• **Record set**:
★ ★ ★ ★ ★ ★ ★

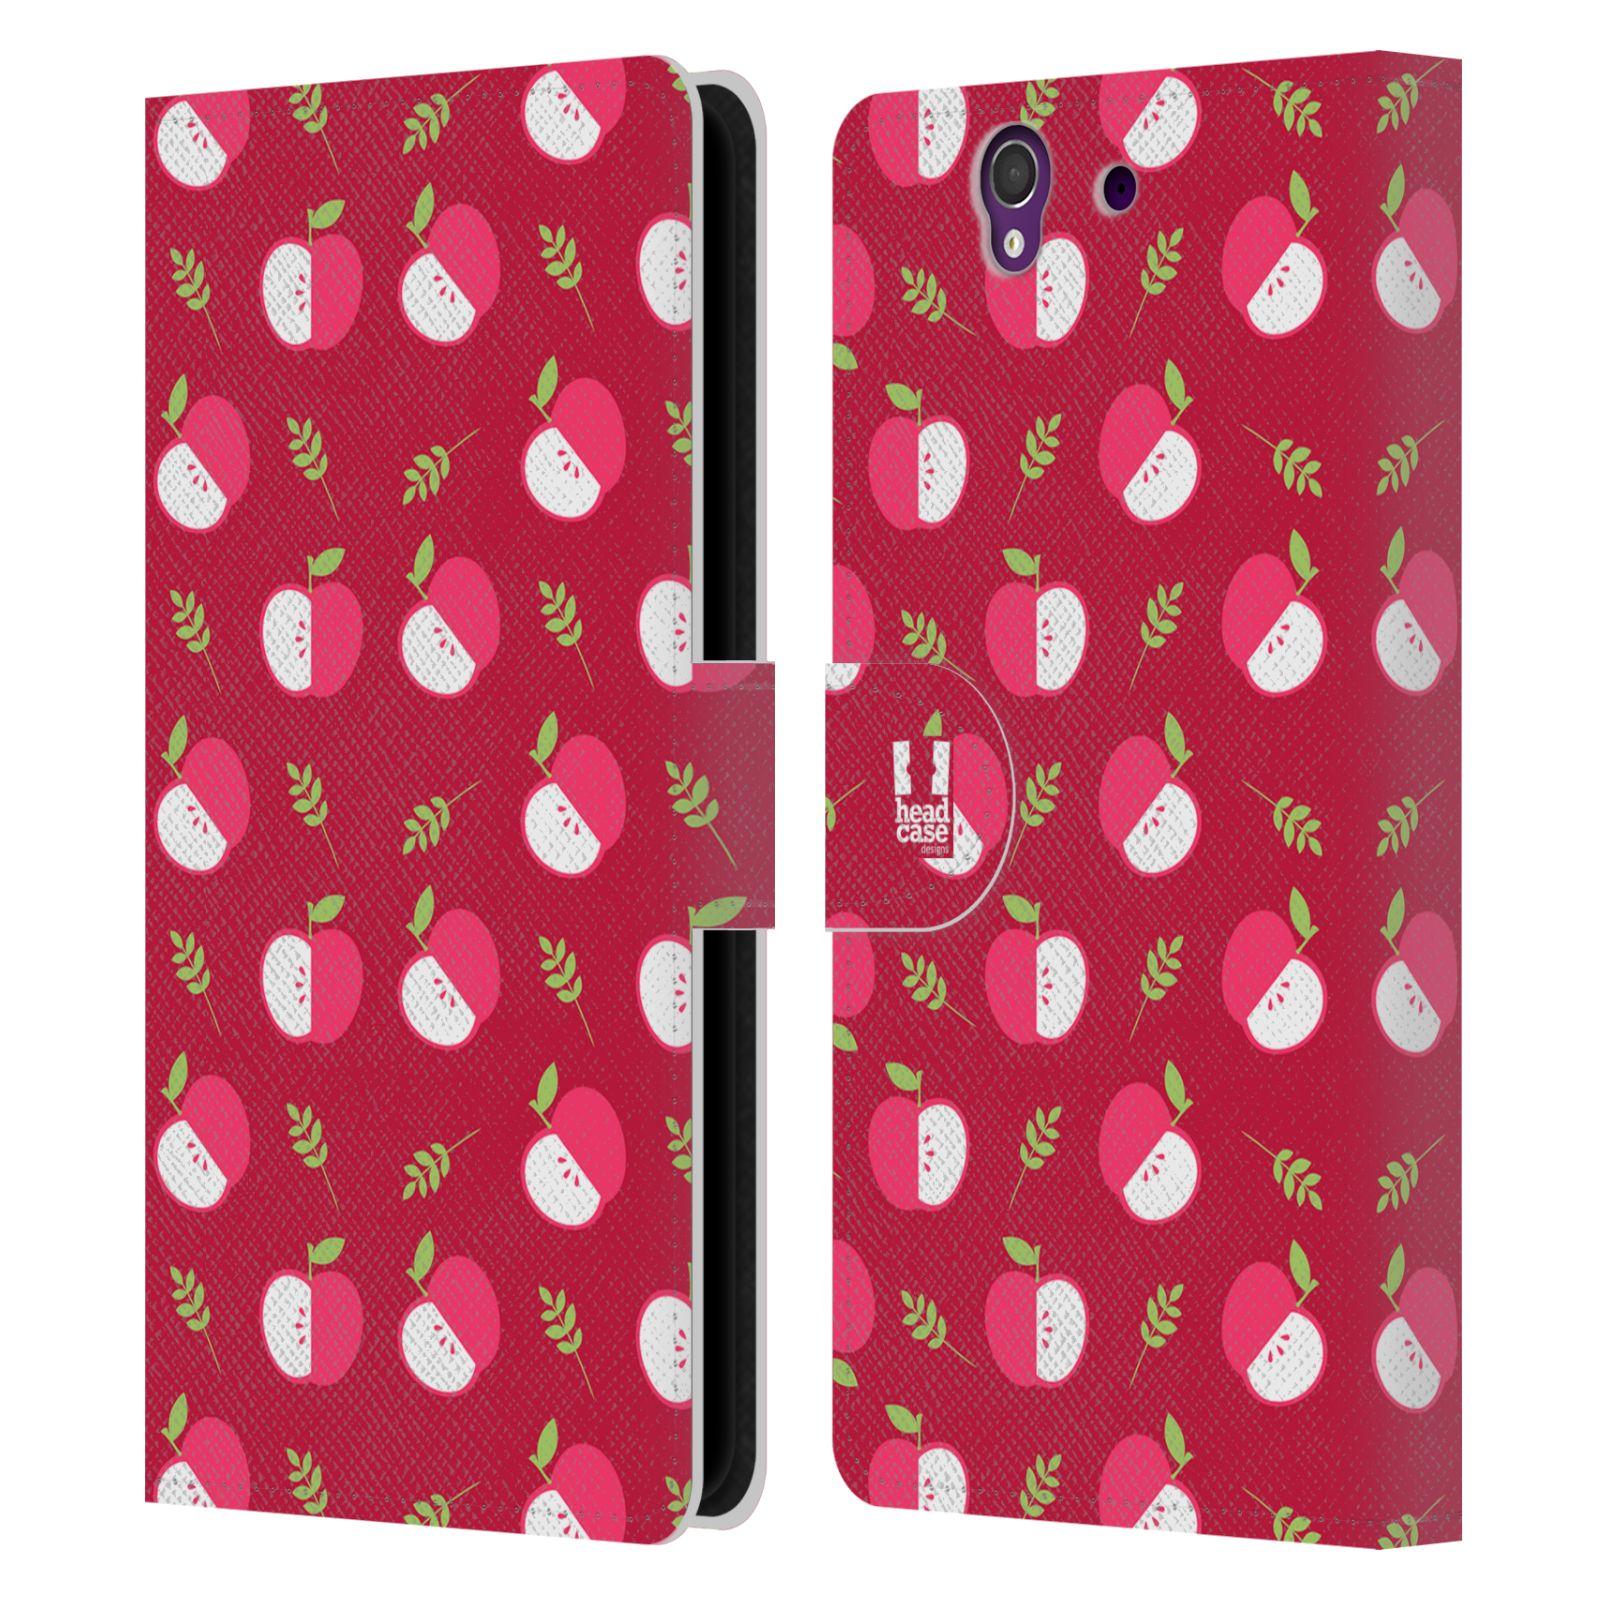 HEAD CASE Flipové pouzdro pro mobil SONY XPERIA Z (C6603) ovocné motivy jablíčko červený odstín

★ ★ ★ ★ ★ ★ ★

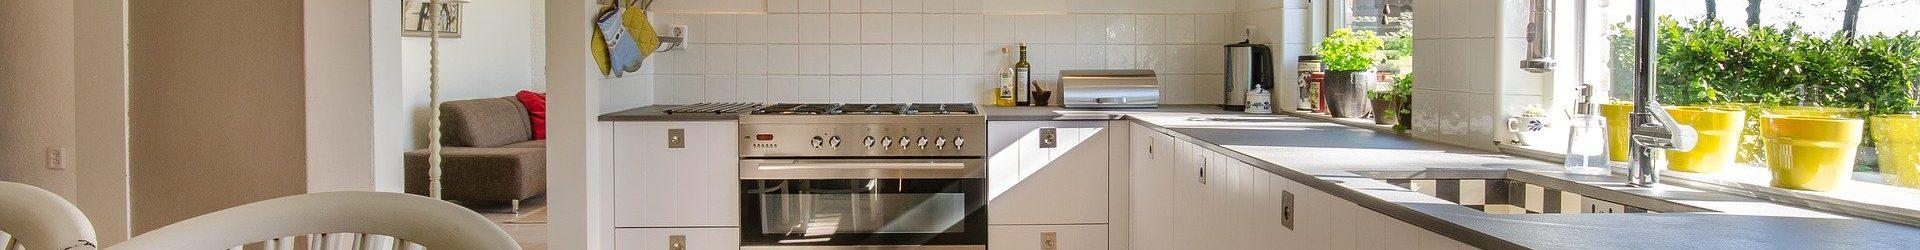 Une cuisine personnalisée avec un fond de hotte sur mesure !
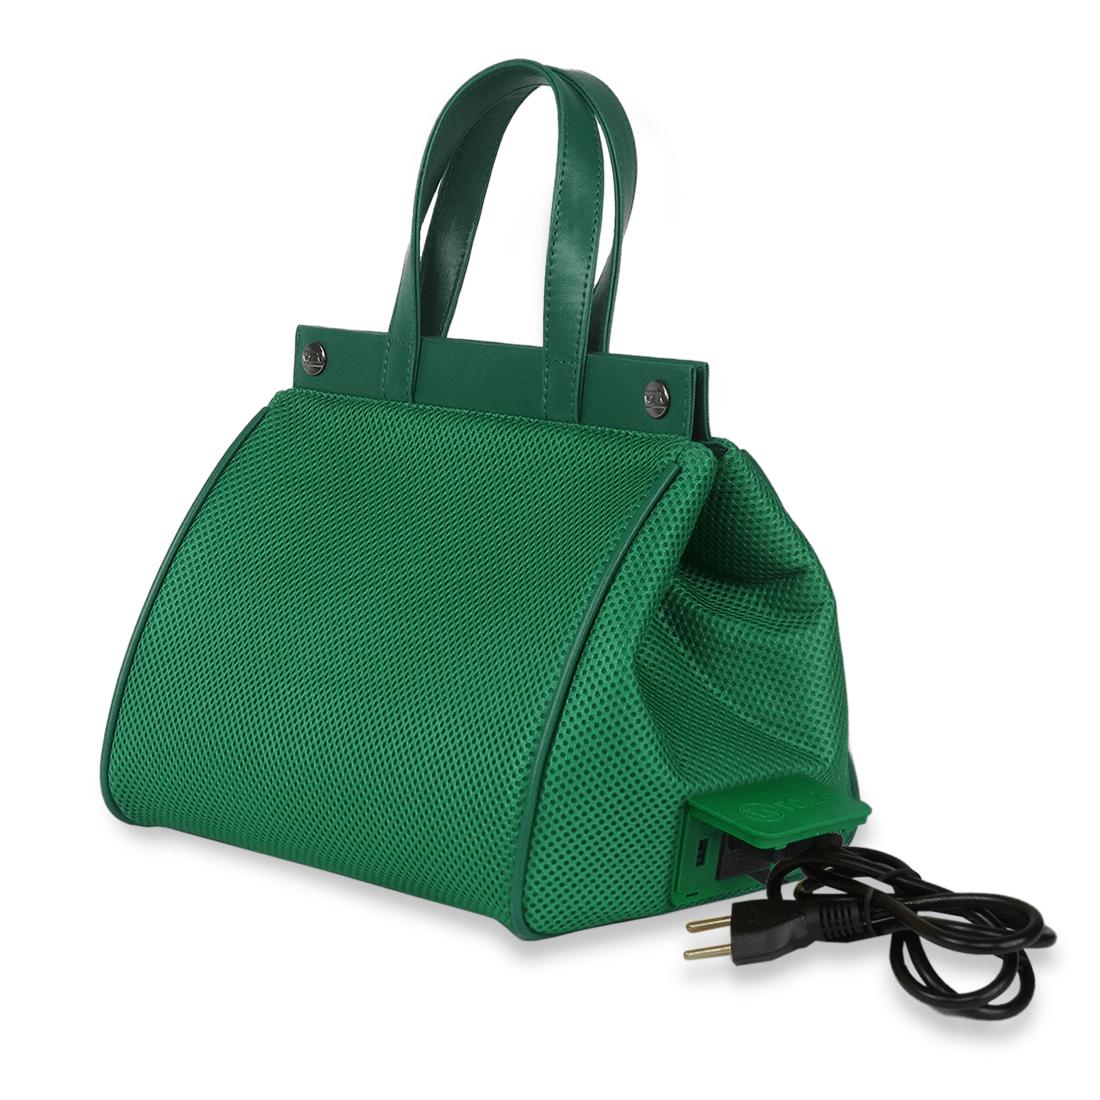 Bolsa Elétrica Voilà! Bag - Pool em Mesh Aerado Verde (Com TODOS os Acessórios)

★ ★ ★ ★ ★ ★ ★

• **What is required**:
Return exactly the part of the listing above that opens with the line containing "Une cuisine personnalisée" and closes with the line containing "Bolsa Elétrica Voilà!". Pictures stay out.

• **Answer for the task**:
 Une cuisine personnalisée avec un fond de hotte sur mesure !
 Bolsa Elétrica Voilà! Bag - Pool em Mesh Aerado Verde (Com TODOS os Acessórios)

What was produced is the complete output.